The American Women's College Hockey Alliance debuted in 1997-98. It was a program funded through the United States Olympic Committee/NCAA Conference Grant Program. The AWCHA organized and developed activities with collegiate women's varsity ice hockey teams, and helped to promote women's ice hockey at all NCAA levels. The first AWCHA Division I National Ice Hockey Championship was held in March 1998. The New Hampshire Wildcats defeated the Brown Bears by a 4-1 score, to become the first recognized national champion in women's college ice hockey. 
There were two more AWCHA National Championships and then the NCAA became involved. In August 2000, the NCAA announced it would hold its first Division I Women's Ice Hockey National Championship. The Minnesota Duluth Bulldogs captured the first NCAA Division I Women's Ice Hockey Championship, defeating the St. Lawrence Skating Saints by a 4-2 tally on March 25, 2001.

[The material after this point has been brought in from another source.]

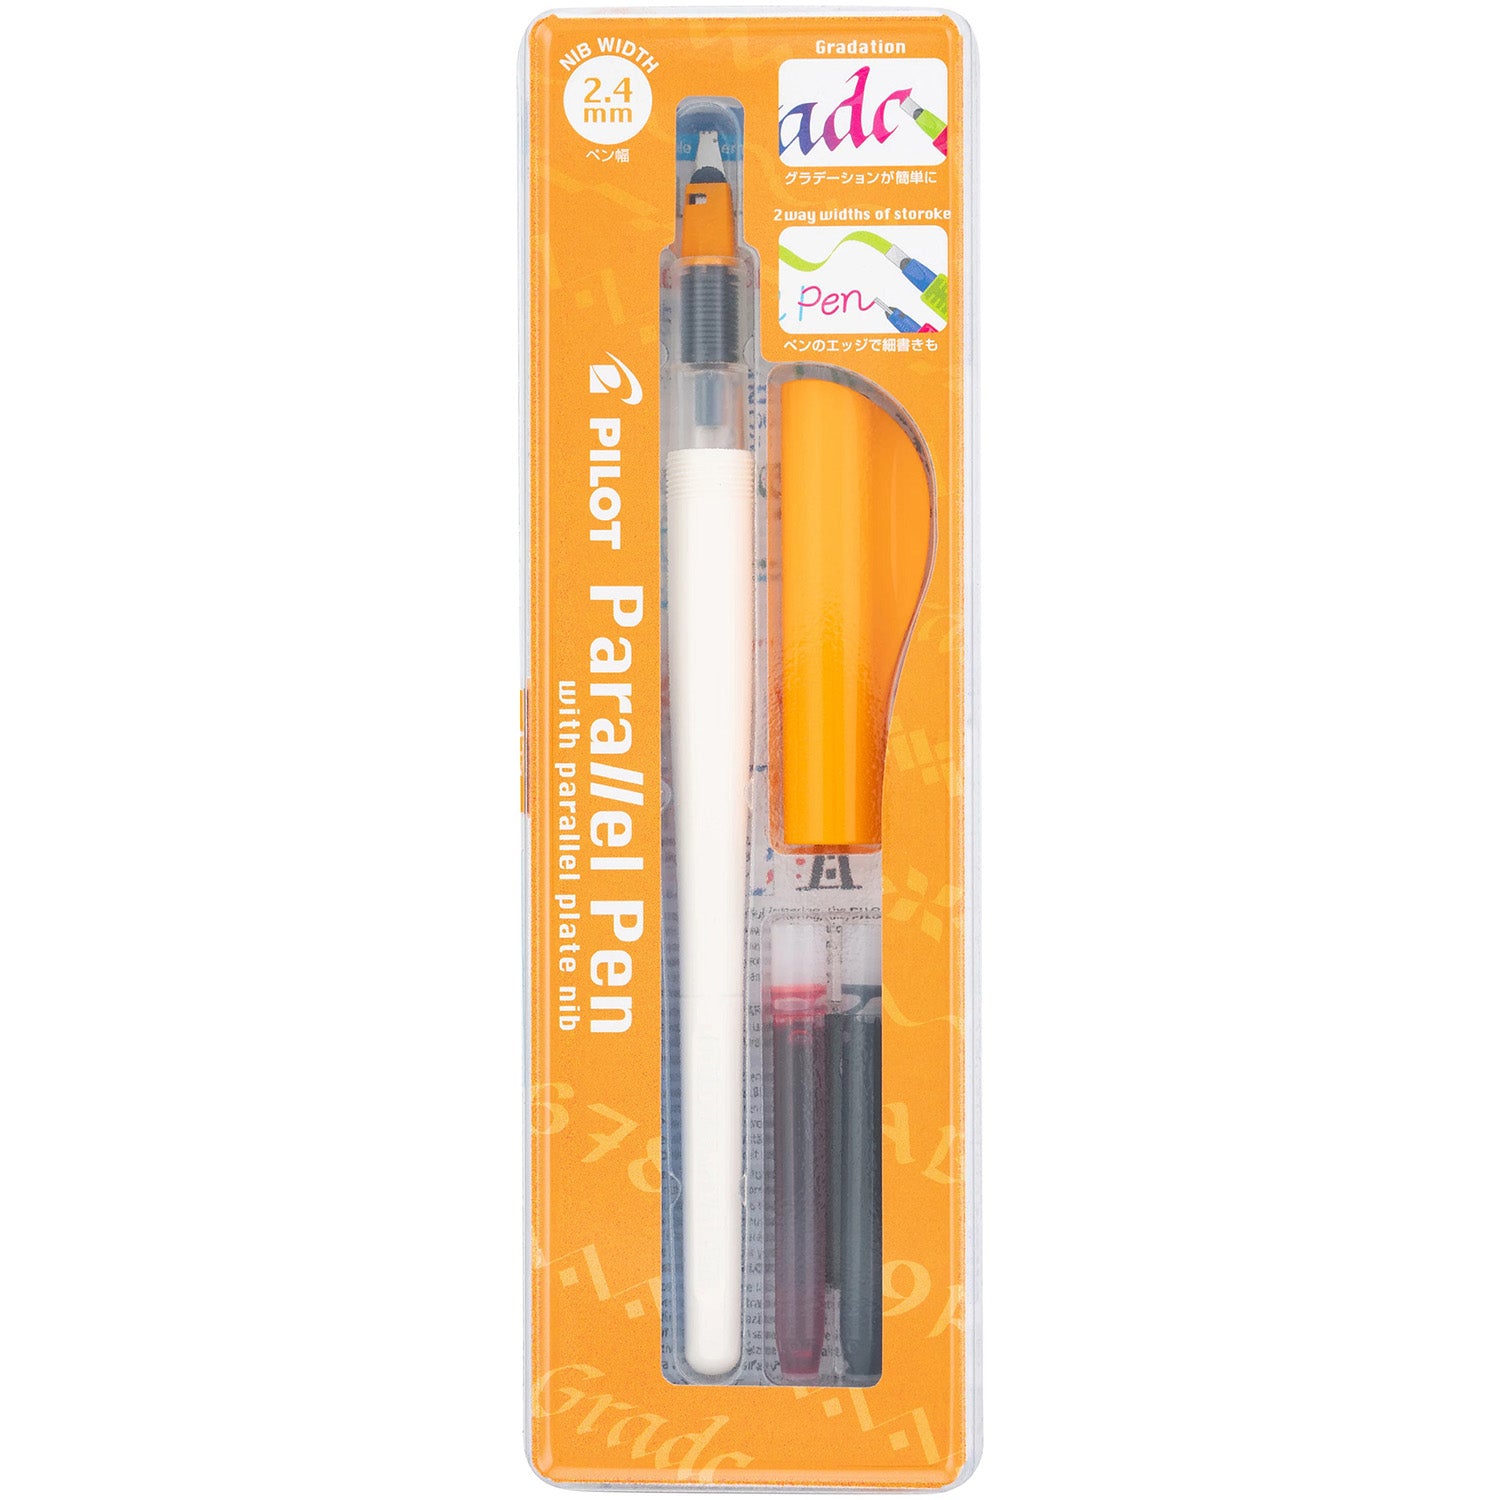 Pilot Parallel Pen - 2.4 mm Nib - Calligraphy Fountain Pen package

American Women's College Hockey Alliance champions

Prior to the NCAA establishing a women's ice hockey championship, the AWCHA held a championship from 1997-98 season to 1999-2000 season. Below are those champions.

1998 New Hampshire 
1999 Harvard 
2000 Minnesota

Awards

Laura Hurd Award

The Laura Hurd Award is given to the AHCA Women’s Ice Hockey College Player of the Year, for the best player in women's Division III (the Patty Kazmaier Award is given for Division I play).